We can then use a vectorised calculation for the tax payable:
In [12]: tax_params["fixed"] + (tax_params.index-tax_params["threshold"])*tax_params["rate"]
Out[12]:
54151 8066.075
60904 10260.800
160305 44379.850
65786 11847.450
84227 17840.775
...
43453 4798.070
94646 21226.950
150276 40669.120
66109 11952.425
79964 16455.300
Length: 100000, dtype: float64
Alternative approaches#
There are a couple of alternative, straightforward solutions which do not require piso which we detail below.
Alternative 1: pandas.cut
The tax_params dataframe that was produced above by piso.lookup() can be reproduced using pandas.cut() which can be used to assign bins to data with an interval index.
In [13]: tax_params = tax_rates.loc[pd.cut(income, tax_brackets)].set_index(income)
In [14]: tax_params
Out[14]:
threshold fixed rate
54151 45000.0 5092 0.325
60904 45000.0 5092 0.325
160305 120000.0 29467 0.370
65786 45000.0 5092 0.325
84227 45000.0 5092 0.325
... ... ... ...
43453 18200.0 0 0.190
94646 45000.0 5092 0.325
150276 120000.0 29467 0.370
66109 45000.0 5092 0.325
79964 45000.0 5092 0.325
[100000 rows x 3 columns]
This approach however runs approximately 20 times slower than piso.lookup().
Alternative 2: applying function
The second approach involves writing a function which takes a single value (an income for an individual) and returns the tax payable.

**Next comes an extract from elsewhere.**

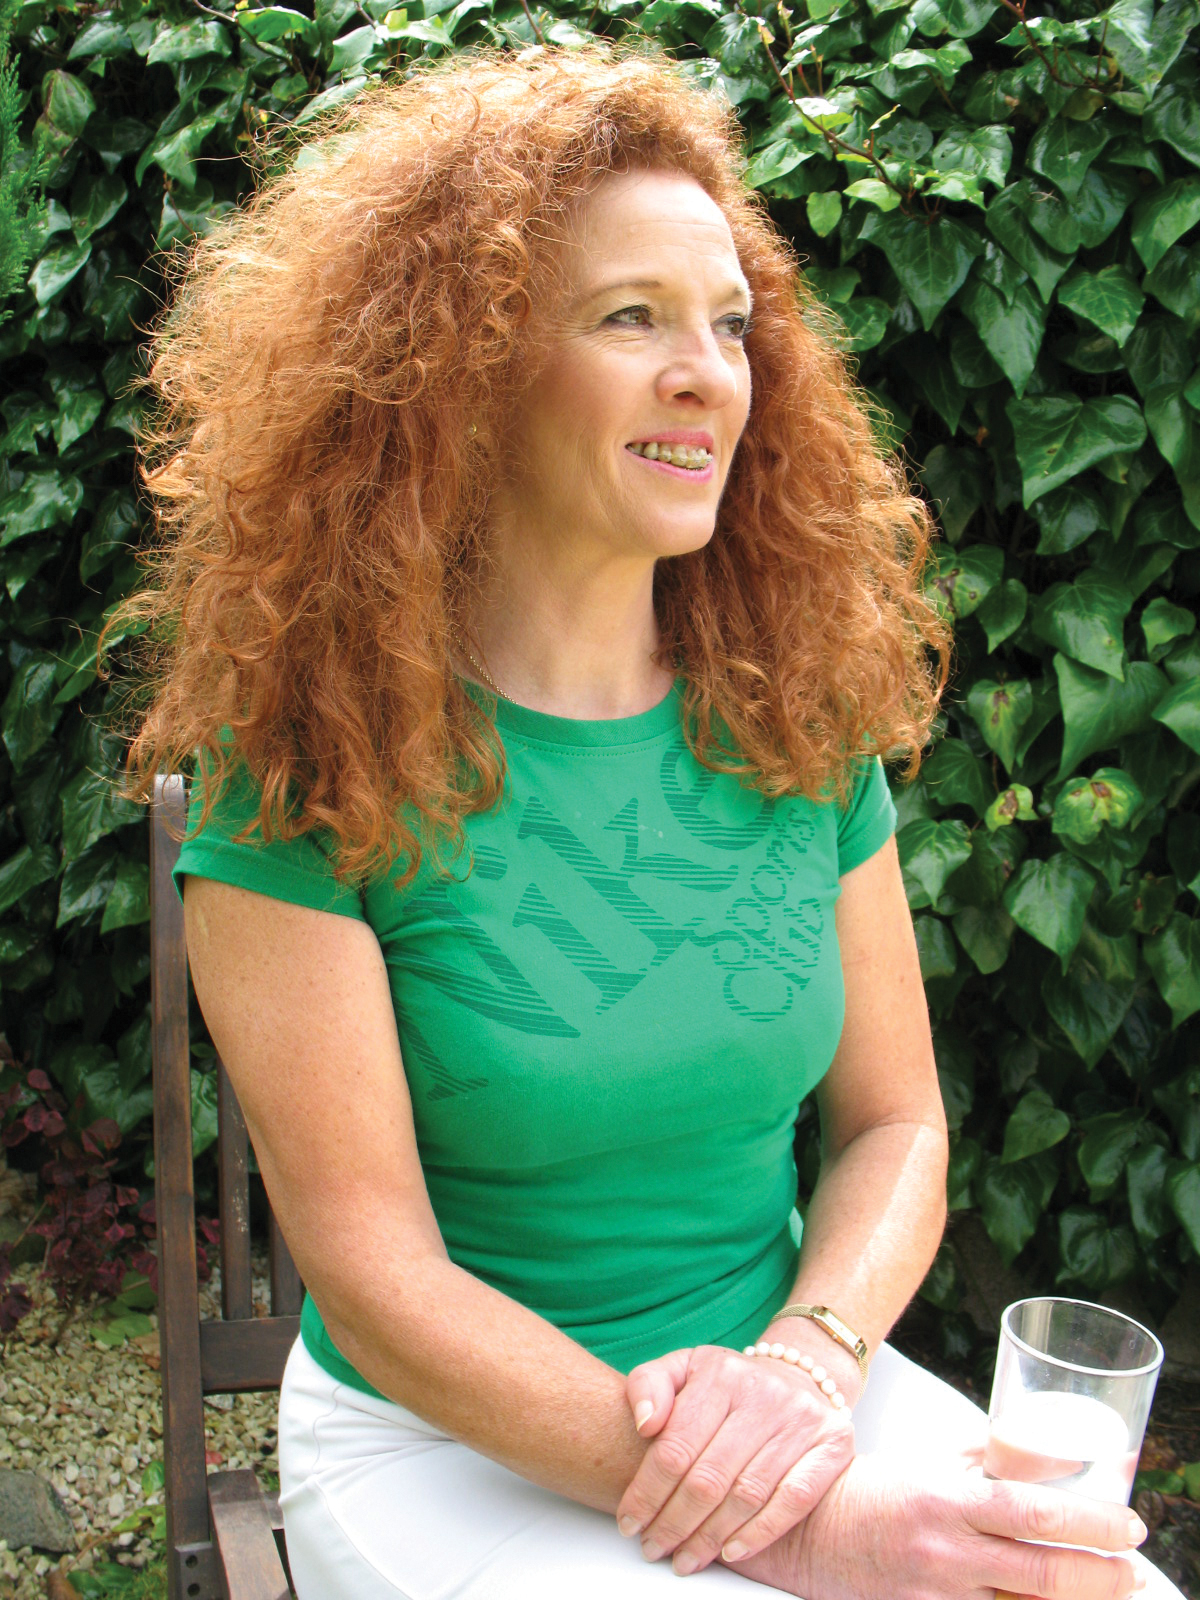 Susan Boland, nutritional therapist - Specialties: Bone health, Arthritis, Menopause, Joint Pain

The function can then used with pandas.Series.apply
In [15]: def calc_tax(value):
....: if value <= 18200:
....: tax = 0
....: elif value <= 45000:
....: tax = (value-18200)*0.19
....: elif value <= 120000:
....: tax = 5092 + (value-45000)*0.325
....: elif value <= 180000:
....: tax = 29467 + (value-120000)*0.37
....: else:
....: tax = 51667 + (value-180000)*0.45
....: return tax
....:
In [16]: income.apply(calc_tax)
Out[16]:
0 8066.075
1 10260.800
2 44379.850
3 11847.450
4 17840.775
...
99995 4798.070
99996 21226.950
99997 40669.120
99998 11952.425
99999 16455.300
Length: 100000, dtype: float64
This approach runs approximately 3 times slower than piso.lookup(). It also requires a function to be defined which is relatively cumbersome to implement. This approach becomes increasingly unattractive, and error prone, as the number of tax brackets increases.